## DIRECTIONS FOR THIS TASK:
Once you find the line with "Clicca sulla cover" in the data below, transcribe exactly each line from there to the line with "Fröhliches Mädchen der", inclusive, and nothing else. Drop the pictures.

## DATA FOR THIS TASK:
■ ■ ■

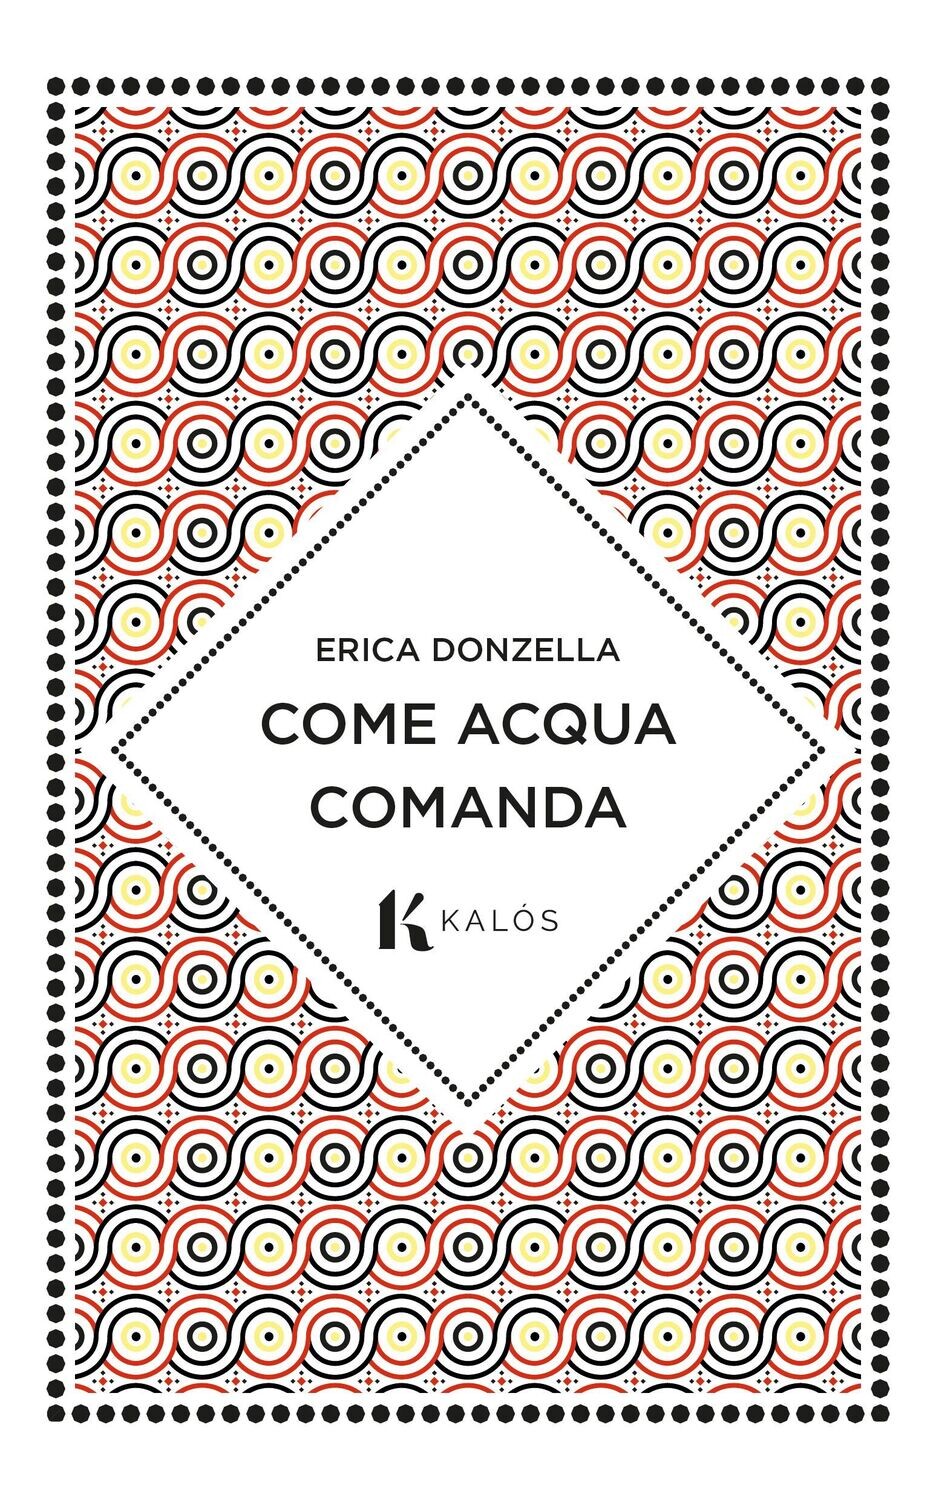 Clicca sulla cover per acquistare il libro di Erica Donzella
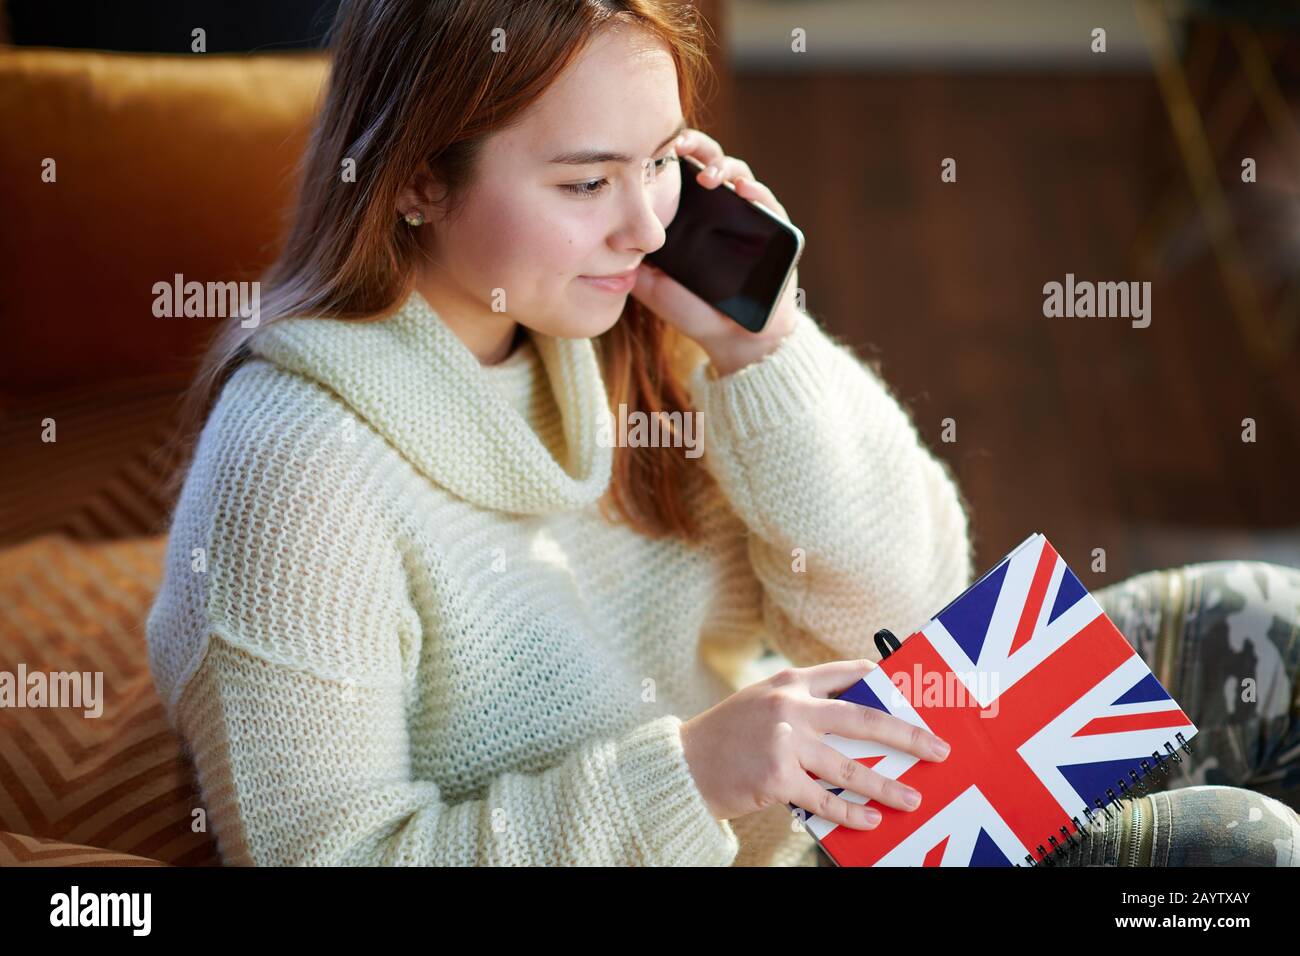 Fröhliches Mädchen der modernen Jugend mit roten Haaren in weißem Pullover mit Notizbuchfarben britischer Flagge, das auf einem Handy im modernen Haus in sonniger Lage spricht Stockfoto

■ ■ ■

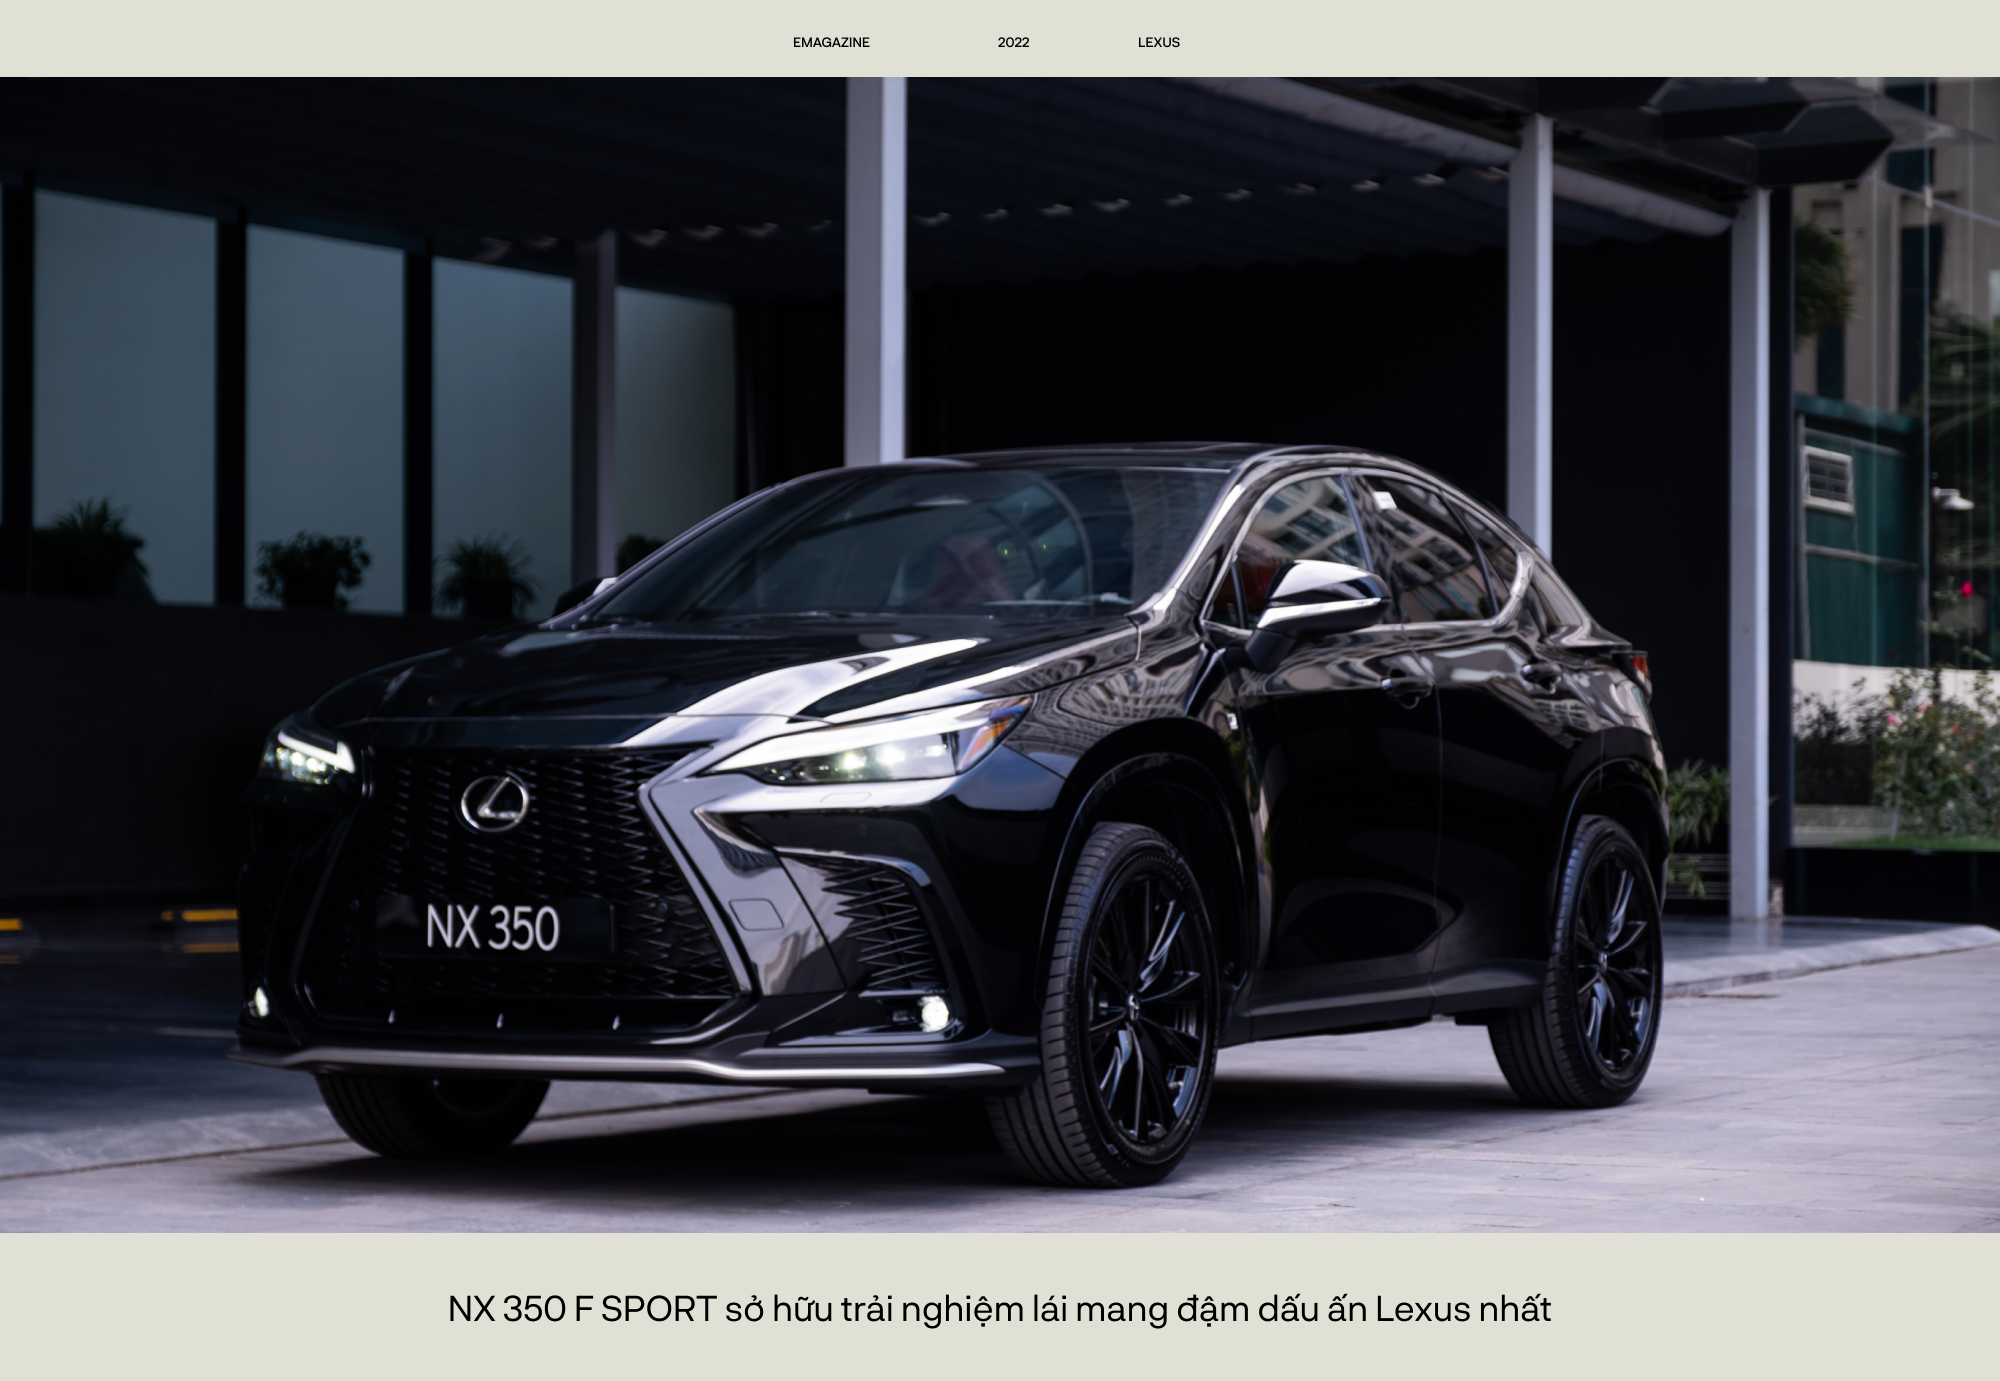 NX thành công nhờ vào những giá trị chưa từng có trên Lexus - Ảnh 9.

■ ■ ■

## OUTPUT OF THE EXERCISE:
 Clicca sulla cover per acquistare il libro di Erica Donzella
 Fröhliches Mädchen der modernen Jugend mit roten Haaren in weißem Pullover mit Notizbuchfarben britischer Flagge, das auf einem Handy im modernen Haus in sonniger Lage spricht Stockfoto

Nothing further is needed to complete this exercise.